Но когда Геракл это сказал, поднял вдруг голову Силен и пробурчал, причем неизвестно было, шутит ли он или говорит серьезно:
— Ох, Геракл, и объешься же ты когда-нибудь подвигами! Лучше выпей со мной. Еще есть у меня полбурдюка истины. Поборет она и Геракла.
Говорил, а сам косил неприметно глазом на Хирона. И когда всегда рассудительный Феникс заметил: «Твоя пьяная истина слепа», — рассмеялся в ответ пьяный Силен — он один еще мог смеяться в пещере Хирона — и сказал:
— Оттого, что сова слепа днем, она не глупее кукушки. Для пьяной истины весь мир пьян. Говорили гости Хирона о знании. Сказал Тиресий:
— Знание — скука, когда некому служить этим знанием. Оно вечно кипящее варево, в котором выкипели живые соки. Тогда уж лучше ничего не знать. Скука никому не служит.
Заговорил Телем:
— Знание всегда служит — иначе оно умирает. Оно тоже смертно. И когда оно отдает себя, тогда оно питается и растет, и зреет, и радуется. Я, врачеватель, это знаю. Тогда жил я среди киклопов. Теперь…
И умолк последний киклоп, что-то продумывая. А затем добавил:
— Теперь я люблю знать для себя и измерять про себя глубину знания. Радостно мне видеть эту глубину и ее сияние. И чем глубже эта глубина, тем сильнее в ней сияние.
Но как завеса тучи, прикрывшая солнце, грустен был голос дважды ослепленного Тиресия:
— Телем, позади сияния — ночь. Я, слепой, познал, как глубока эта ночь и как она беспросветна. Твое сияние — не больше чем искра или мерцание звездного дождя. Только луч, только свет и огонь есть истина. Погаснет луч — и исчезает истина, тогда наступает мрак. Трудно жить, когда истина погасла.
Но покачал головой Феникс. Сказал:
— Я тоже был слеп. И мрак — истина.
Говорили гости, но никто из них не мог согласиться с другим: ни Телем с Тиресием, ни Феникс с Гераклом. И никто не мог их примирить, потому что Хирон молчал.
И тут все почувствовали, чего лишится земля, если не будет на земле Хирона. И с тревогой посмотрели на него.

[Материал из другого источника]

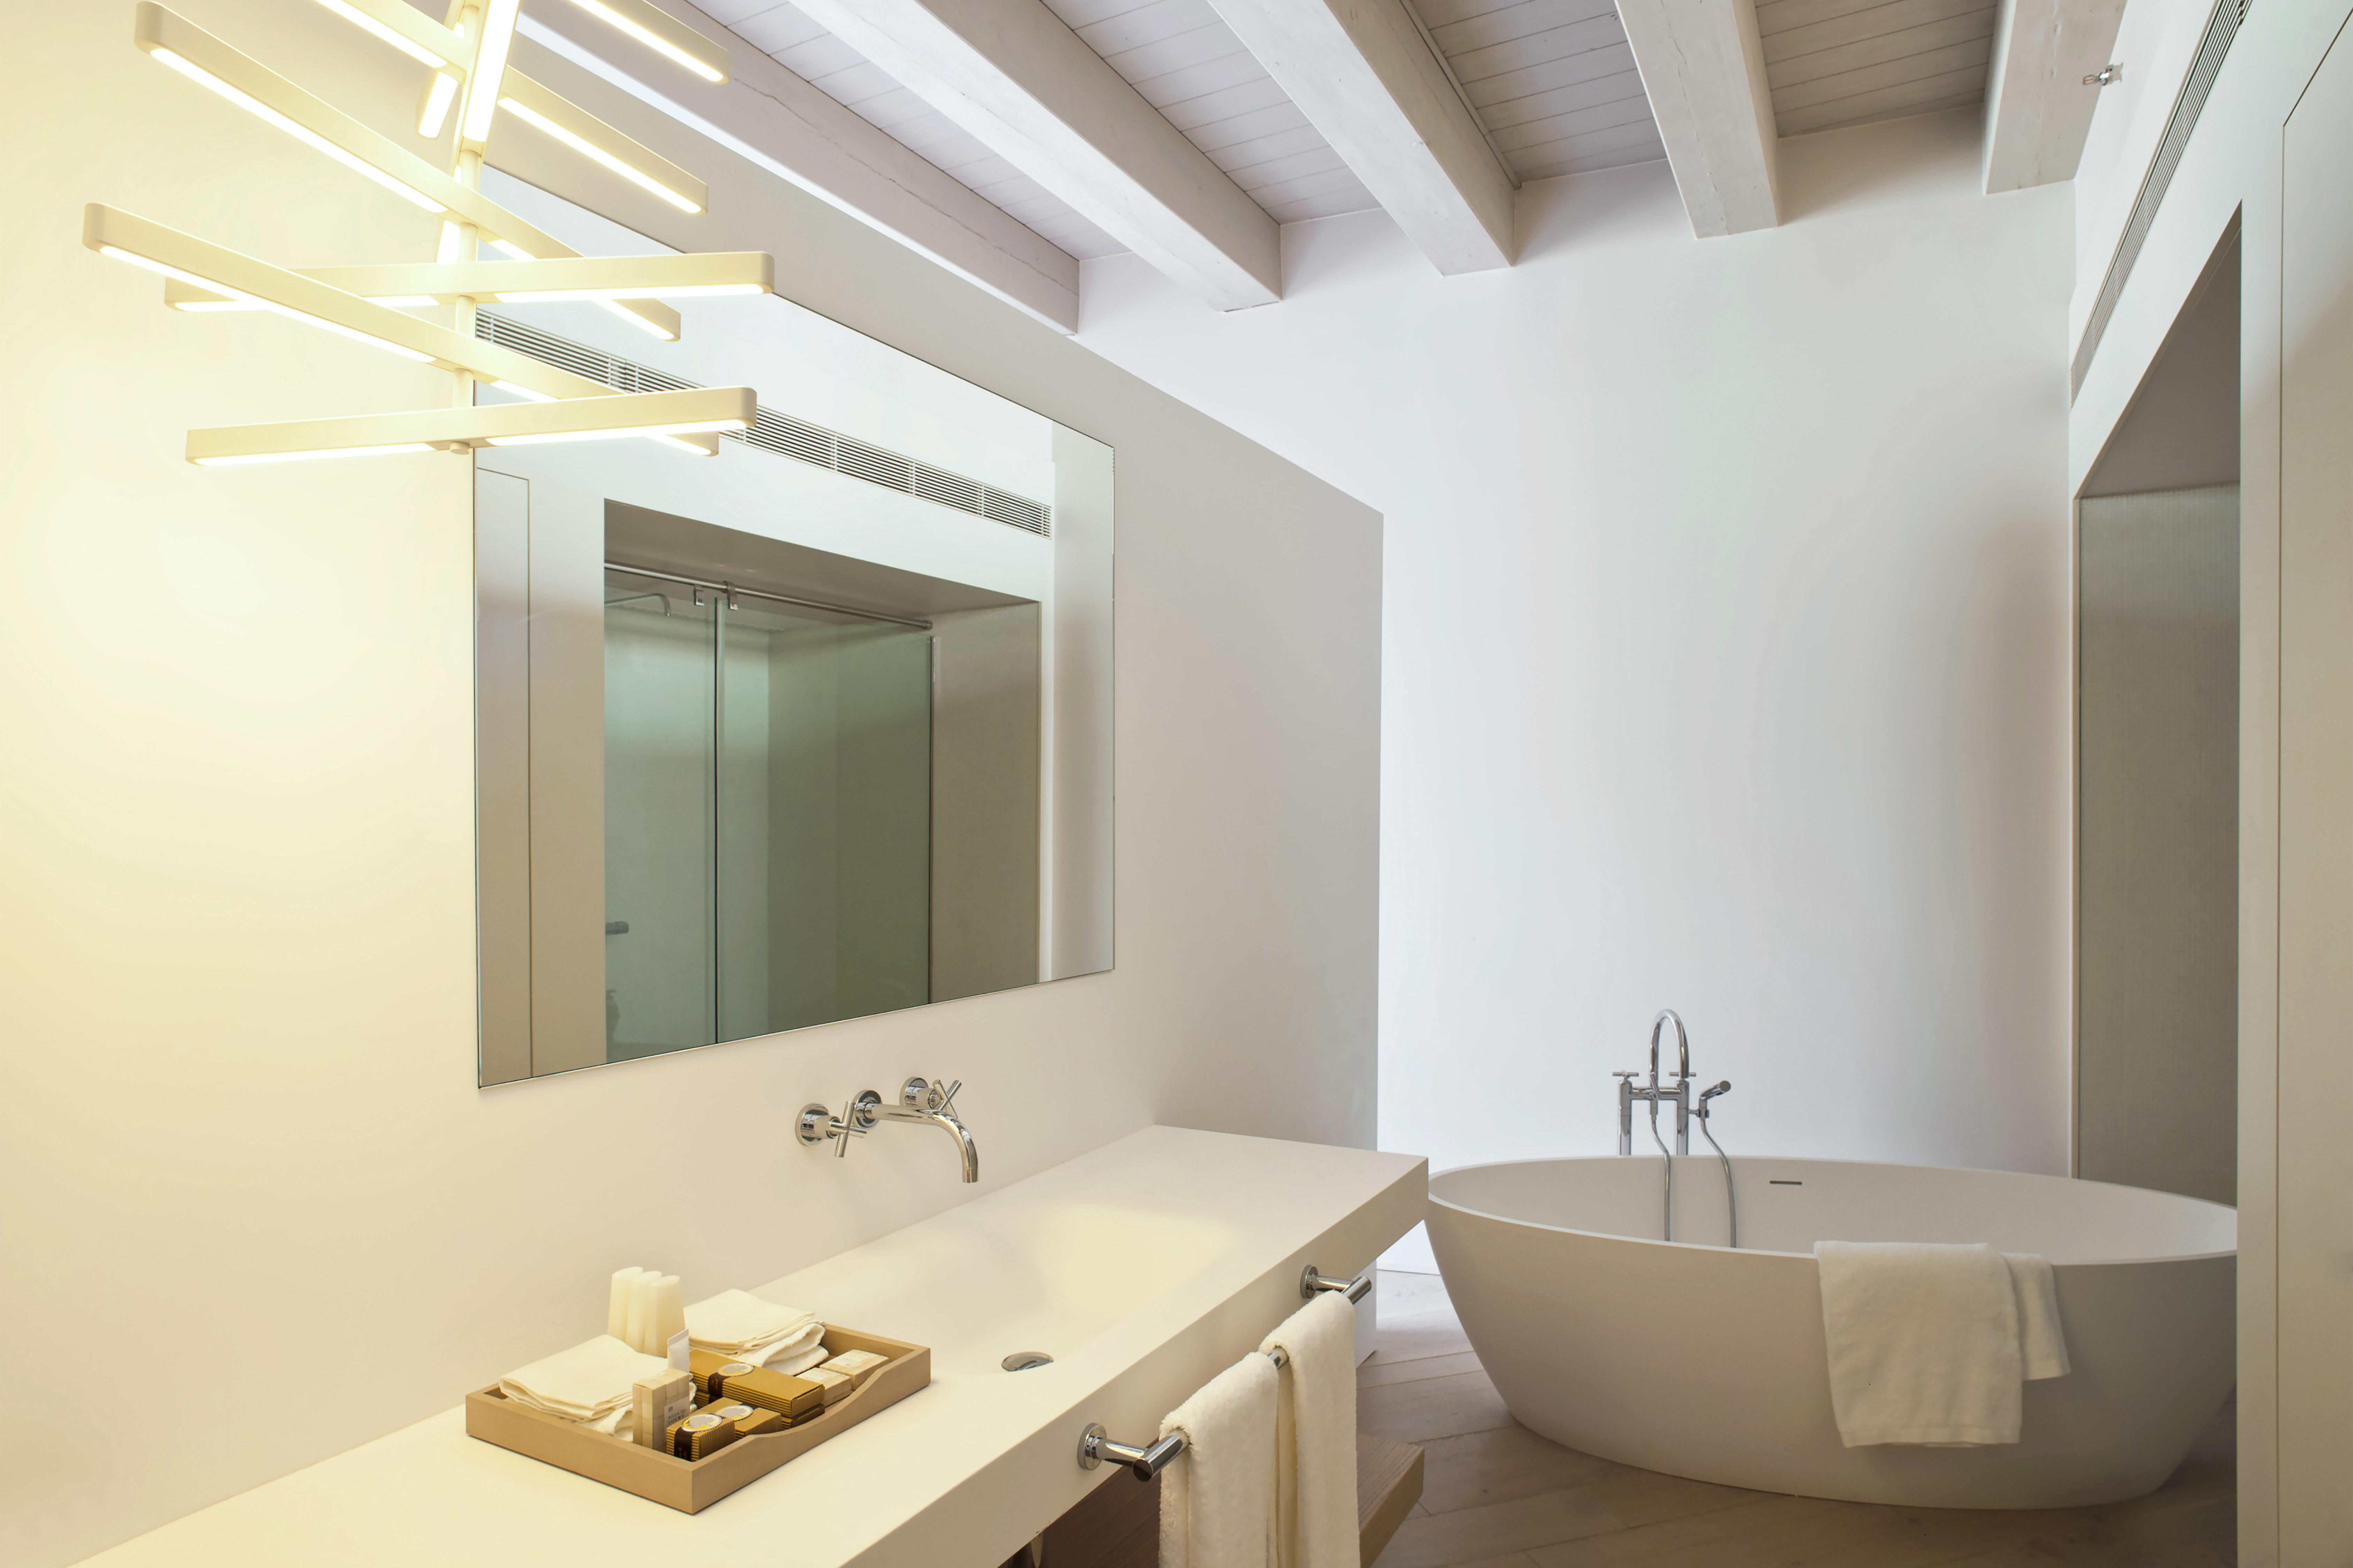 Barcelona Bath Boutique City Hip Hotels Luxury Modern Spain bathroom mirror property sink white home daylighting bathtub tan

И вот оглядел всех доселе молчавший Пелей и неожиданно сказал:
— Как много здесь слепых! Слеп Силен от вина. Слеп и Феникс — у него чужие глаза. Слеп Тиресий — он вовсе без глаз. А у Телема только один глаз, и он больше светит, чем видит. Только я и Геракл еще по-простому зрячи. И, как зрячий, скажу вам: знание — это власть и хитрость. Не одолел бы я Фетиды-оборотня, если бы не знал, что наводит она на мои глаза морок, оборачиваясь в моих руках то в зверя, то в куст, то в огонь… Хитрила она, но не выпускал я ее из рук. Властно держал, зная, что обманчивы все ее образы. И дал мне это знание Хирон. Знание служит, потому что оно повелевает. Потому-то оно и есть сила, что оно повелевает.